Learning about how to handle assemblies in these languages will surely
be important. Thirdly, I think we can build on the MediaWiki,
Semantic-MediaWiki and Semantic Forms tools for creating the 'wiki'
component.

One distinct sub project would be to focus on an 'annotation wiki',
which I think could serve the community very well, if done in a
sufficiently generic and useful way (i.e. not just another 'me too'
project).

Email 03

OK, think about a genome assembly... how is it done? How may it be edited and improved over time? Think about biologists with specific interests in specific regions of the genome doing work to refine those regions. How will they want to contribute their work back to the 'community genome'?

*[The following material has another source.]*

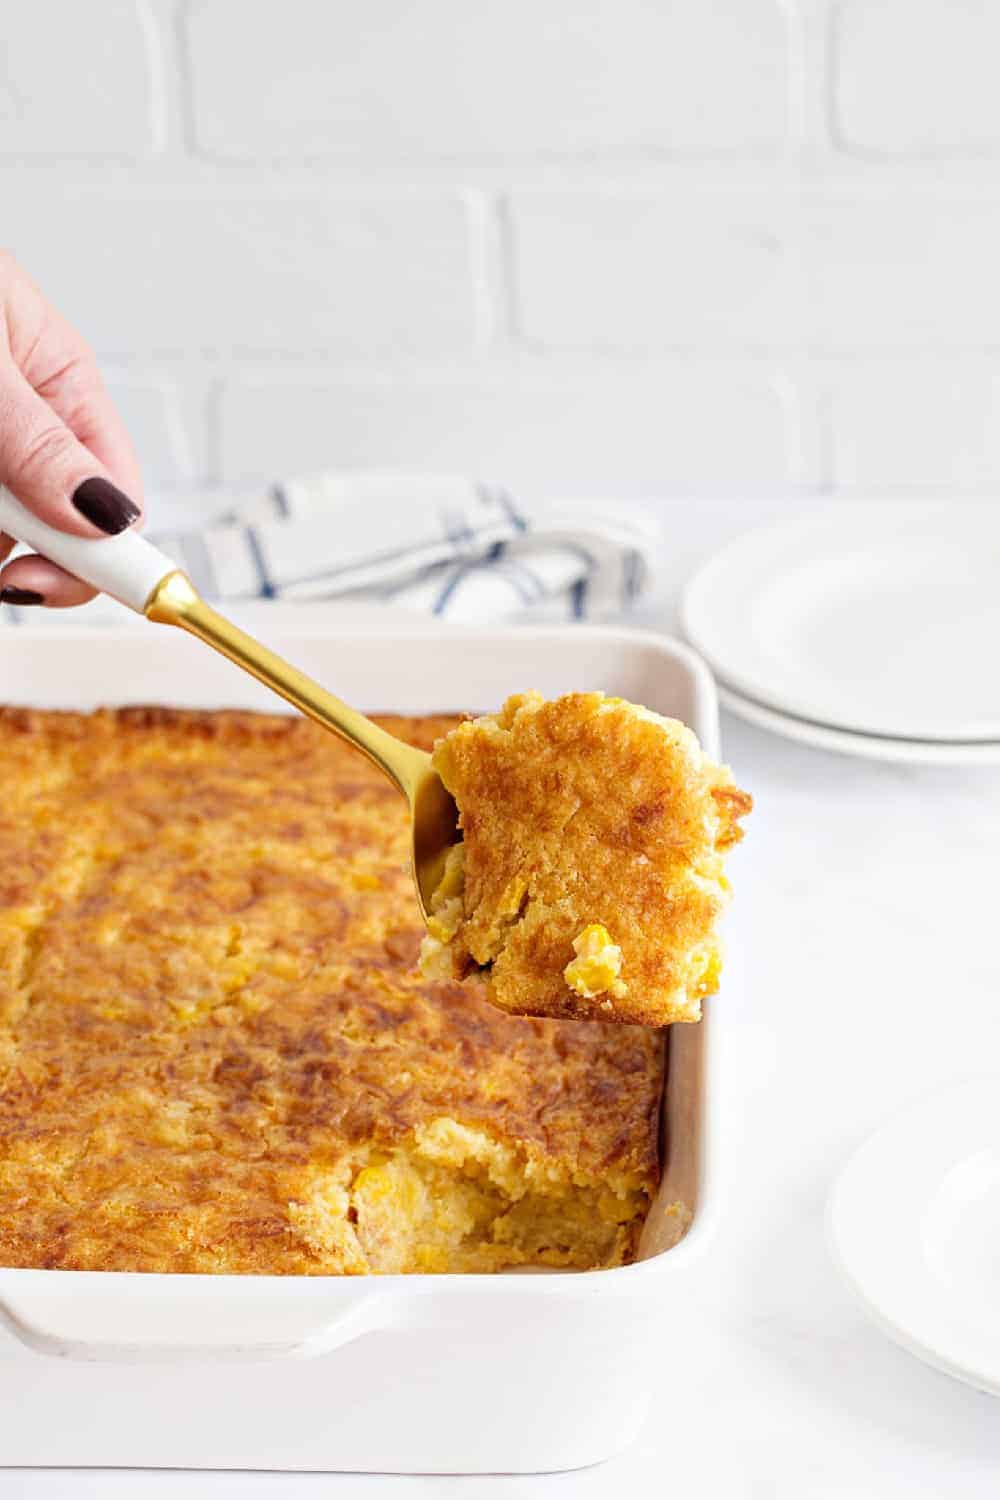 Easy Corn Casserole is a must-make addition to any holiday table.

Think about (and research) what a genome assembly is, how it is built, the important information it carries, and the kinds of ways that people may want to edit it.

This comes down to thinking about data structures, databases and data models and algorithms for editing those data structures.

So far so good... Now we want to layer provenance and version control on top, creating a community maintained structured assembly database.

I think this is a very ambitious proposal, so it will need a huge amount of work to get even close to creating something useful. I don't want to put you off, but we need to be realistic!